La frattura da stress più comune è quella che
avviene ai maratoneti a carico delle ossa
metatarsali (ossa dei piedi) e si manifesta con
dolore importante senza un trauma apparente
ma come si evince dalla classificazione per
stress (microtraumi) ripetuti in tale distretto.

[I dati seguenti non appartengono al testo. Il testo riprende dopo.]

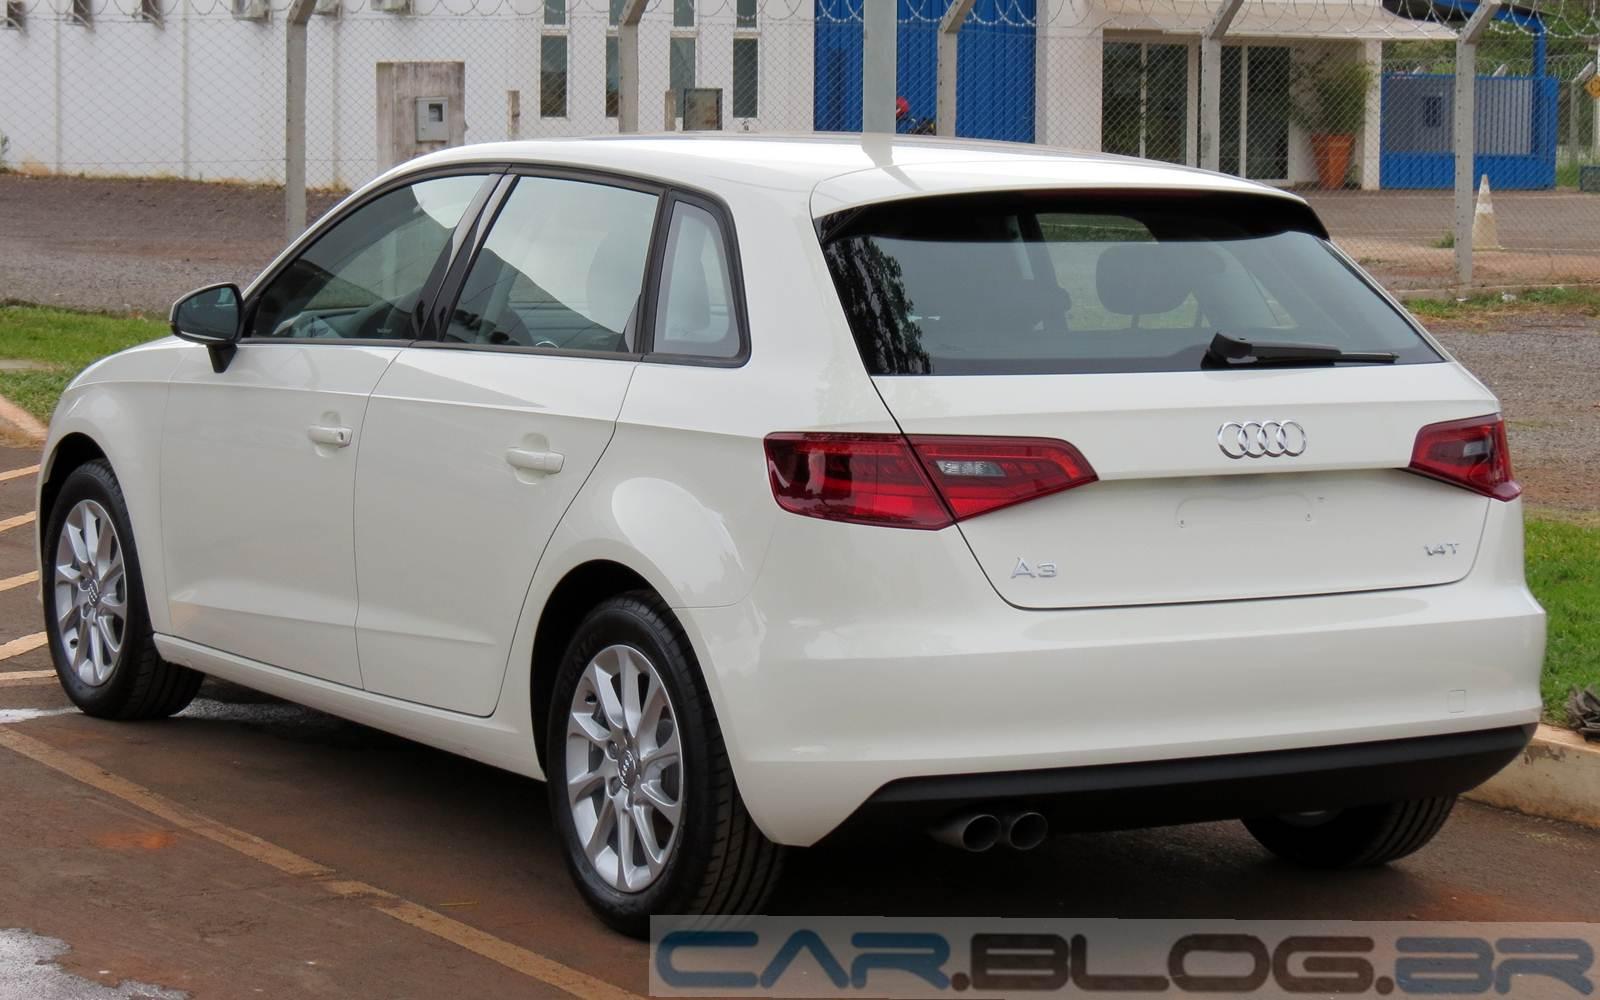 Audi A3 2014 branco

La maggior parte delle fatture si classifica in
codici verdi o gialli ma ci sono alcuni casi in
cui questo tipo di trauma può diventare
rosso: è il caso estremo della frattura di
bacino, delle fratture vertebrali che
coinvolgono il midollo spinale e di tutte le
fratture che ledono vasi o nervi.
Altra distinzione importante di prima
valutazione è la condizione della copertura
cutanea: se l’osso taglia la pelle la frattura si
definisce esposta.
In ogni caso di frattura, dalla semplice alla
più complessa è necessaria la valutazione di
un medico o del 118. La terapia provvisoria si
attua ponendo in opera, anche con mezzi di
fortuna, tutti quegli accorgimenti che mirano
ad evitare, in attesa del trattamento definitivo,
un aggravamento delle condizioni locali e
generali del traumatizzato.
In caso di sospetta frattura di spalla, omero e
gomito,
l’arto
superiore
verrà
provvisoriamente immobilizzato con un telo
che solidarizza il braccio al torace fissando
contemporaneamente l’avambraccio al collo
del paziente.
In caso di trauma all’avambraccio, al polso o
alla mano, come a livello della coscia, della
gamba o del piede, l’immobilizzazione
provvisoria si ottiene solidarizzando l’arto
con teli e bende ad una armatura costruita
con materiali di fortuna (tavole di legno, rami
d’albero, ...) senza far caricare (nel caso si
tratti degli arti inferiori) l’atleta infortunato.
TRASPORTO
di
UN
ATLETA
INFORTUNATO:
Ogni cittadino può trovarsi anche nella
condizione di dover assistere un medico, per
esempio nel trasporto di
un infortunato fino ad
un mezzo di soccorso.
Per sospetti traumi
importanti
(rachide,
ossa lunghe, cranio..) il
paziente non andrà
mobilizzato se non con
appositi ausili (lettino
spinale, collare cervicale rigido ...) ma se il
paziente non ha subito traumi importanti ed
è cosciente il metodo più comodo da
utilizzare è il trasporto con una sedia:
l’infortunato si siede ed un soccorritore
afferra le gambe posteriori della sedia o lo
schienale, mentre l’altro le gambe anteriori.